Furthermore, the study suggested that the birthplace of life was more likely to have been a warm little pond than the boiling chemical soup around ocean-bottom hydrothermal vents that many believe it was.

The commonly held view is that the first lifeforms on Earth, 3.5 billion years ago, were single-celled organisms with a free-floating loop of DNA inside, possessing the same genetic mechanism that all life possesses today.

This branch of the tree of life is made up of the prokaryotes that include bacteria.

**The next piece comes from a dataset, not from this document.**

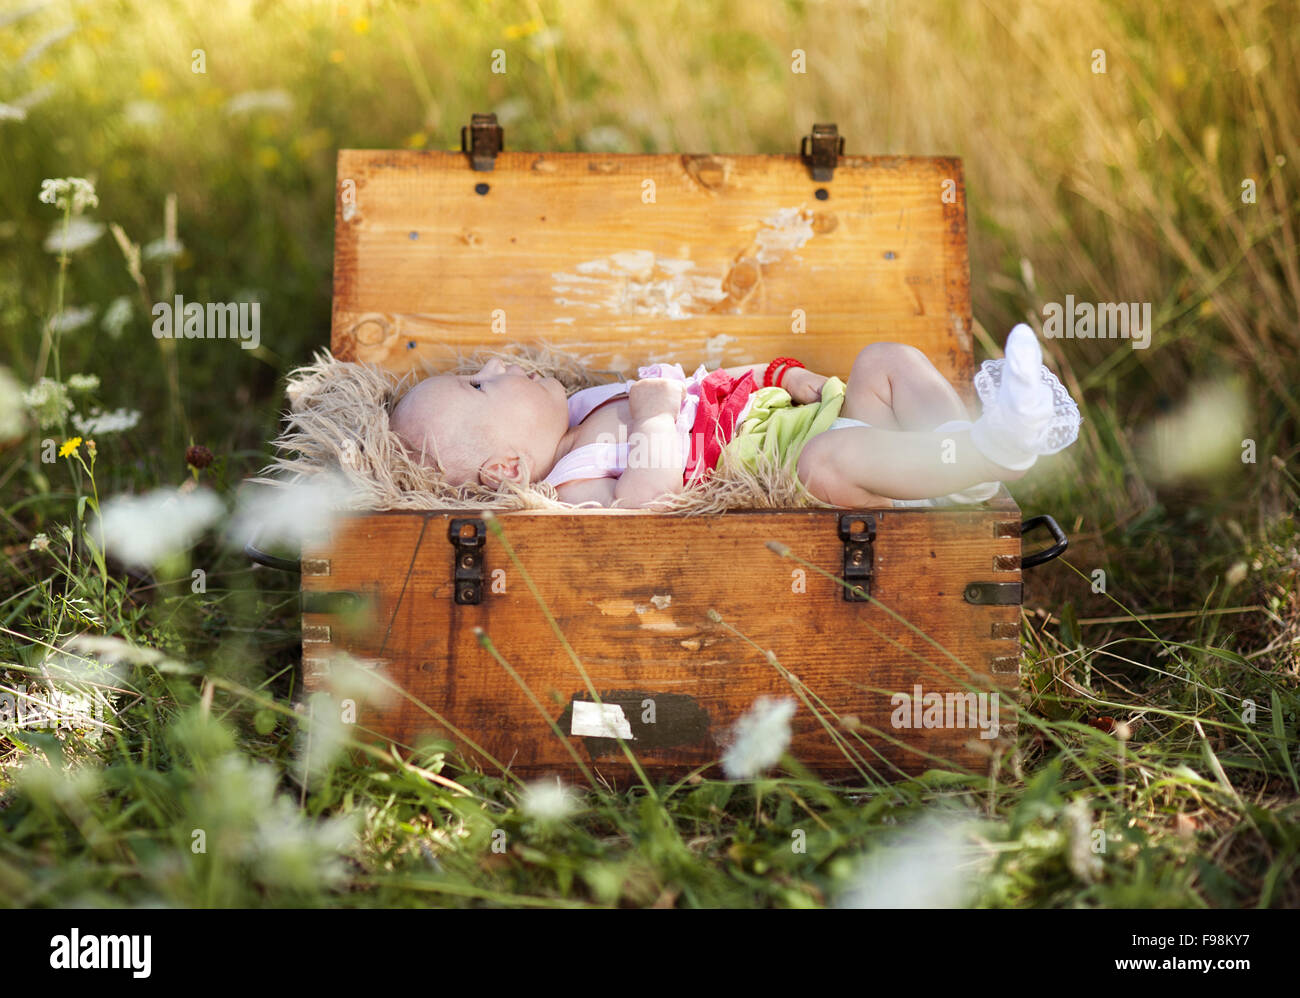 Outdoor ritratto della piccola bambina sdraiato nella vecchia valigia in legno Foto Stock

The tree branched twice to form the archaea - recently discovered single-celled organisms that have many cellular and genetic differences from bacteria - and, later still, the eukaryotes - cells with nuclei, such as those that make up plants and animals.

However, this progression towards more complex life is not the only way to explain the meagre evidence scientists have gleaned about the roots of the tree of life.

Nicolas Glansdorff, professor of microbiology at the Flemish University of Brussels, Belgium, has proposed that many of the clues about the identity of the last common ancestor, extracted from statistical analyses of genetic material, may point in a very different direction.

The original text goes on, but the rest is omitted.